Based on the instructions here, these are the steps needed to configure server Alpha. We assume that you have created private and public keys on each server and put those in /etc/wireguard/privatekey. Also, port forwarding on both sides will forward udp packages on the external ports to the servers. We also assume that ip forwarding has been enabled for each server. Notice how we have added the tunnel endpoint address to the interface and allow the remmote tunnel address through. You run the following as root:
ip link add dev wg0 type wireguard ip address add dev wg0 10.8.1.1/24 wg set wg0 listen-port 7777 wg set wg0 private-key /etc/wireguard/privatekey wg set wg0 peer CbX0FSQ7W2LNMnozcMeTUrru6me+Q0tbbIfNlcBzPzs= allowed-ips 192.168.20.0/24,10.8.1.2/32 endpoint networkB.company.com:8888 ip link set up wg0
Now you have your basic settings. But there is no routing yet. But the cool thing is that the utility wg-quick will help you with that. First, you save the config you have made:
touch /etc/wireguard/wg0.conf wg-quick save wg0
This will save the config in the above file. You can edit it, if you like but it should be fine. You can now bring the interface down and up with wg-quick:
wg-quick down wg0 wg-quick up wg0
That was easy. wg-quick will have created the interface, assigned the correct address, configured the interface and modified the server routing tables.

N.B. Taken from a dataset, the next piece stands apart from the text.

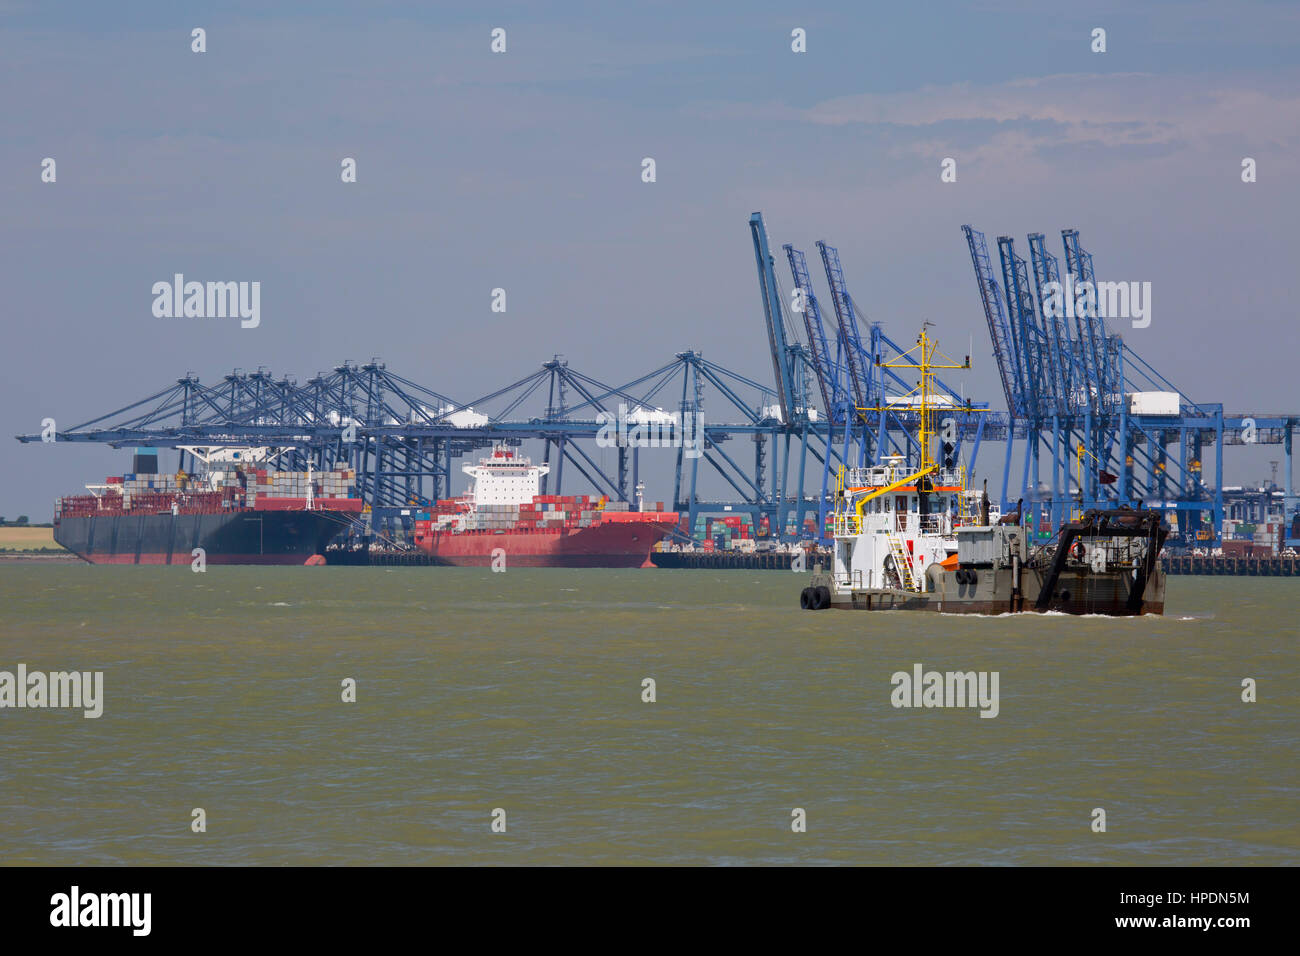 A line of container ships and cargo freighters berthed at Felixstowe container port, being unloaded or loaded, with a tug in the foreground. Stock Photo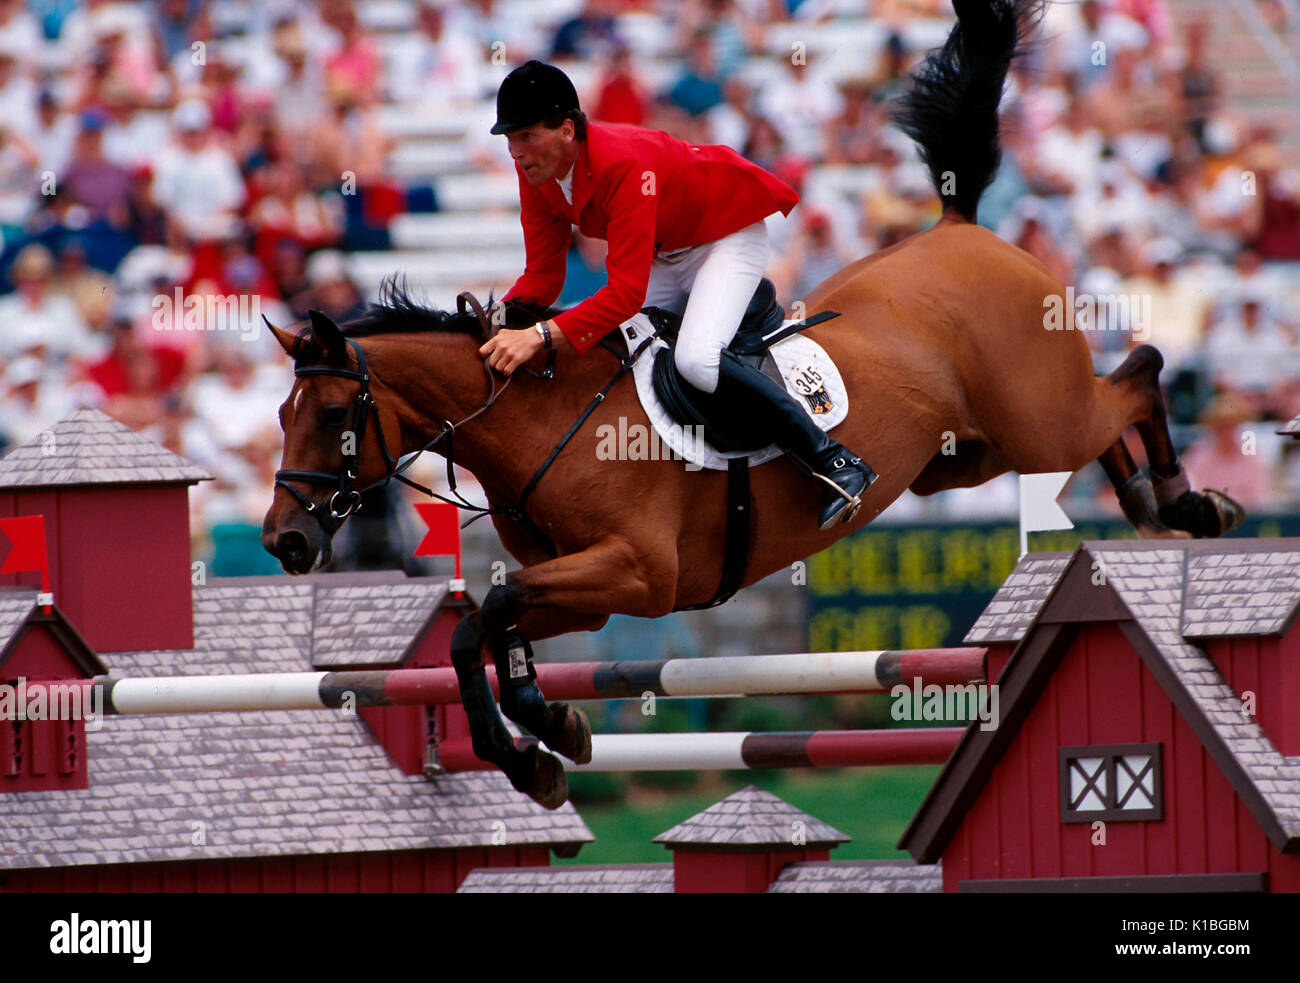 The Olympic Games, Atlanta 1996, Ludger Beerbaum (GER) riding Sprehe Ratina Z Stock Photo

The final trick is to make this into a service. That’s remarkably easy, due to a systemd unit being included. This is what you do:
systemctl enable wg-quick@wg0 --now
This enables the unit and runs it, in one swell foop.
The other server
On server Beta, you perform the same dance, except that you assign a different local tunnel address, and remote addresses to the peer section.
if all goes well, you should be able to ping between servers now.
Adding a third server
This is when things become simple. Just allocate a third tunnel interface address to the third server. Add [peer] sections to the wg0.conf files on the existing servers for the third server. Set up the third server with the other two as peers. Start up the interface. It should just work.
Using WireGuard I managed to get the througput up significantly. Over our inter-office connection with 80ms round trip time, and with an internet connection of 1000Mbps on both ends, we now get some 350Mbps through the tunnel, using regular consumer workstations serving as tunnel endpoints. And the tunnels just work.